Il comitato consultivo ha chiesto di limitarli ai soli nomi sensibili, quindi ad agenti in attività o che hanno ragione di temere per loro o per le loro famiglie. Ma quelli che non ci sono più, o non hanno più ruoli, chiediamo di rimuoverli. Altrimenti la trasparenza su che cosa la facciamo?
Il comitato farà ispezioni in via Nomentana e in via Caraci, sedi del Ministero dei Trasporti?
Si, così dovrebbe essere, però ripeto, siccome il Comitato Consultivo fa capo alla presidenza del Consiglio, mi auguro fortemente che questo governo prosegua quest’opera.
Che cos’è per voi la memoria storica? E quanto è importante?
La memoria oggi credo essere un concetto molto abusato, purtroppo. Si usa parlare di memoria nelle commemorazioni per rappresentare, diciamo, quanto lo Stato è vicino ai familiari delle vittime di mafia o terrorismo. C’è una retorica degli anniversari. A me piace più usare il termine memorie, perché anche il concetto unico di memoria come se ci fosse qualcosa che può raccogliere tutto, secondo me non è corretto. Le memorie sono tante, sono diverse, spesso sono divise. Il problema è che il nostro Paese è stato colpito, siamo stati colpiti anche noi come cittadini e cittadine che siamo venuti dopo questa stagione del terrorismo, della mafia e della criminalità che ha minato la Democrazia dell’Italia. Io mi sono stupita che il presidente del consiglio Draghi abbia fatto una direttiva dicendo di versare le carte sulla loggia P2 e su Gladio. E’ come dire che lo Stato ne ha ammesso la loro esistenza, cioè l’esistenza di frange extra-costituzionali che hanno agito per sovvertire lo Stato democratico. Gladio e P2 hanno agito contro la Costituzione. Ma perché non si fa un dibattito pubblico di nessun genere su questo? Nessuno ne parla. Ma non si può ignorare, non si può prescindere da questo. Io credo che la storia, come la memoria, si costruiscono anche sul dibattito pubblico e su questi temi il dibattito pubblico è indietro, mentre quello politico è ancora più indietro.

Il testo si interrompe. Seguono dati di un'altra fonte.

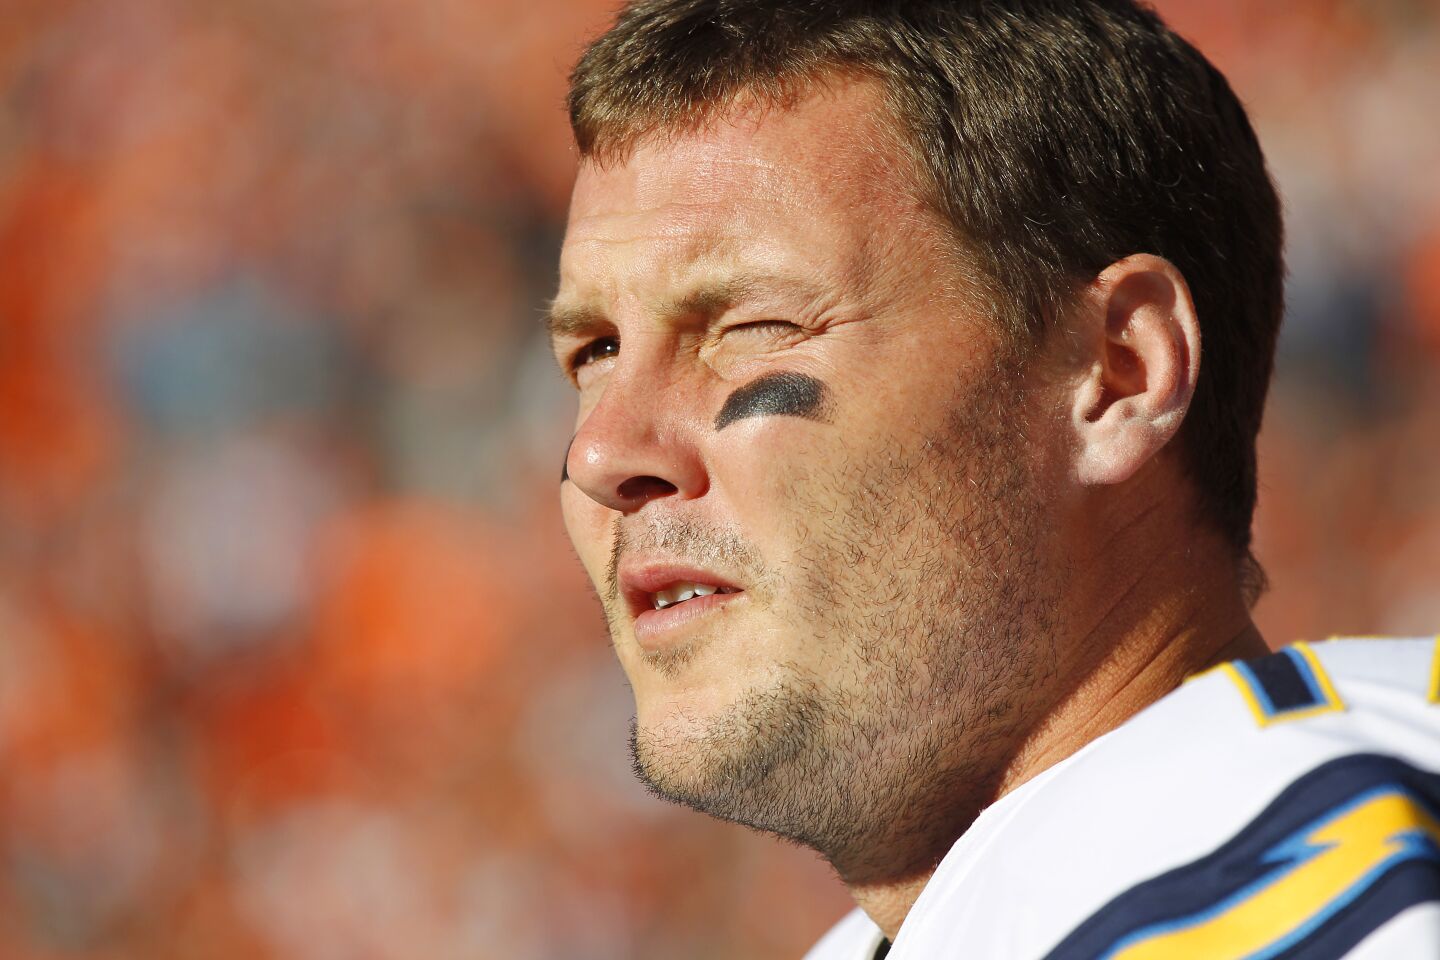 Chargers Philip Rivers looks on during a game against the Broncos on Jan. 3, 2106.

Come si esce da questa situazione?
Bisognerebbe parlarne in maniera più seria ed anche con meno retorica dei cosidetti misteri. Spesso sento dire “non sappiamo niente”. Non è vero, sappiamo tantissime cose: sappiamo che molte stragi sono di matrice neo-fascista, e che terroristi di diversa matrice erano infiltrati, come sappiamo che la mafia è dentro i gangli dello Stato. Quindi sappiamo tanto e dovremmo iniziare a dirlo. Esistono tante carte, per fortuna, che ci raccontano pezzi della nostra storia ed è per quello che è importante conservare.
Tutti noi abbiamo delle radici, siamo i cittadini e le cittadine del Paese in cui siamo nati e vissuti e cresciuti. Non possiamo ignorare quello che è successo nel bene, come nel male, perché ci serve per essere e creare un Paese migliore.